Keywords: **recovery**; **data**; traces
===== Introduction =====
Data recovery consists of finding lost digital information. This loss may have various causes such as human mistake or material failure. The difficulty of the recovery of this data varies, but it may be a challenge.
What is at stake depends on the case. If we are dealing with a private person, the reasons for the willing of retrieving these data are mainly personal attachment to the files (holiday photos and videos). However, if we are talking of a company, then this seems much more important since data loss is the second threat to cloud security and 60% of companies that lose their data shut down within 6 months of this disaster.

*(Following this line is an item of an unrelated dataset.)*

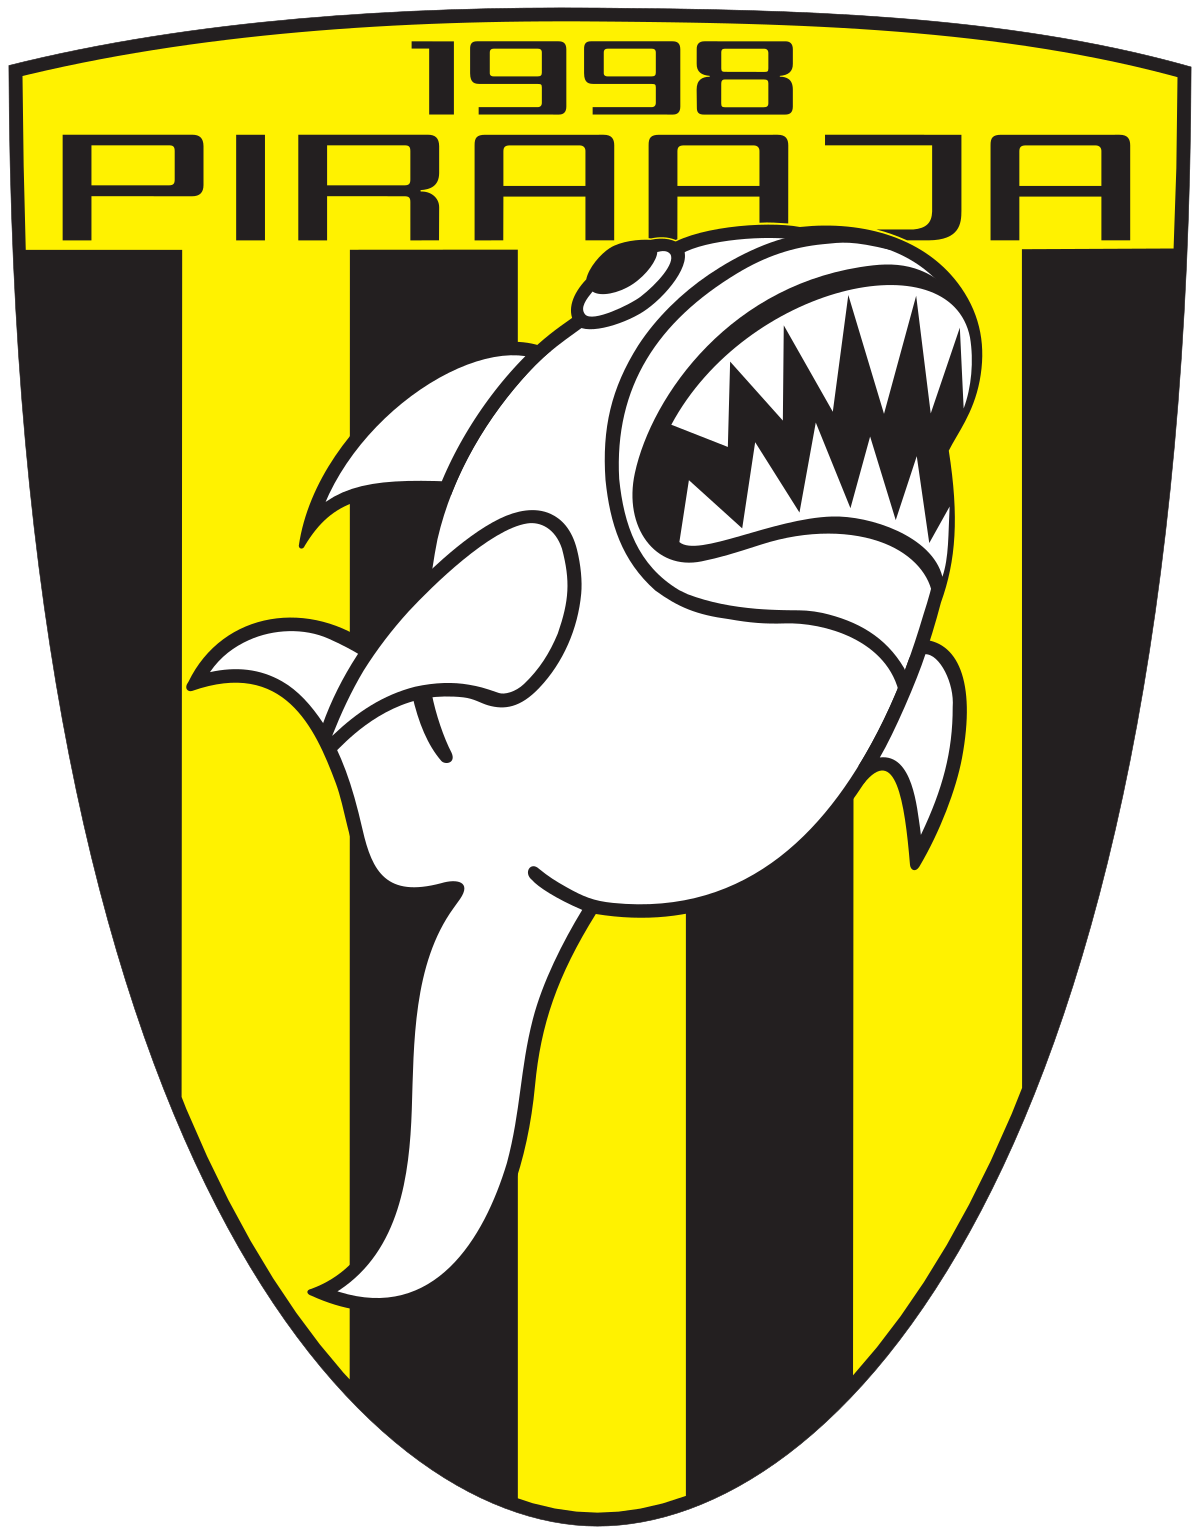 Tallinn Piraaja logo

In case of an accidentally deleted file, this file is not really removed from the guilty computer. What is really deleted is the path useful to grant access to the file. The space is now available again to re-write on it. But the data corresponding to this file is still stored, until something is stored at the same place. This means that you may be able to restore this data, even months later if no other file overwrote it.
===== =====
===== 1. What to do to avoid such a loss =====
**i) Dropped/damaged drive**
It is highly recommended not to turn on a drive after a sinister. It might actually damage it even more.
**ii) Data saving**
Now that we know what we may go through to get back some major data, what could we do to avoid such a loss?
Obviously, we need to always keep a copy of the most important data at least. For example, we can choose online secure copies. For example, the society Zodiac Aero Duct Systems chose to save all its files online every night to avoid a major loss. All their computers run during the night to prevent from loss or encryption of their data by pirates. Since this task is repetitive and tiring, its automatization will help.
This is not the only option. We can choose to go for hard drive copies for example. However, this option may be less adapted for companies.
The more regularly you will register your files, the safer you will be. Evidently, if you choose to save it every 3 years, if a crash or a cyberattack occurs, you will loose much more data than if you save it every week.
**iii) Machine protection**
The using of high-quality wires to power machines, and voltage inverters or surge protection systems might help to prevent from electrical shocks leading to machine damages. There is no need to remind that, in order to avoid piracy, the use an anti-virus software is primary. A regular change of password may also help.
**iv) Maintenance**
It is true that backing up computer data is essential in any business. However, its benefits are limited if true IT maintenance is not implemented. Indeed, operating systems which are not maintained, which are no longer up to date: obsolete software, outdated antivirus… represent that many entry points for viruses and hackers. Thus, some companies propose to do IT maintenance for others.
===== 2. Steps for data recovery =====
We can divide the job that must be done in four parts, no matter the storage media we are working on.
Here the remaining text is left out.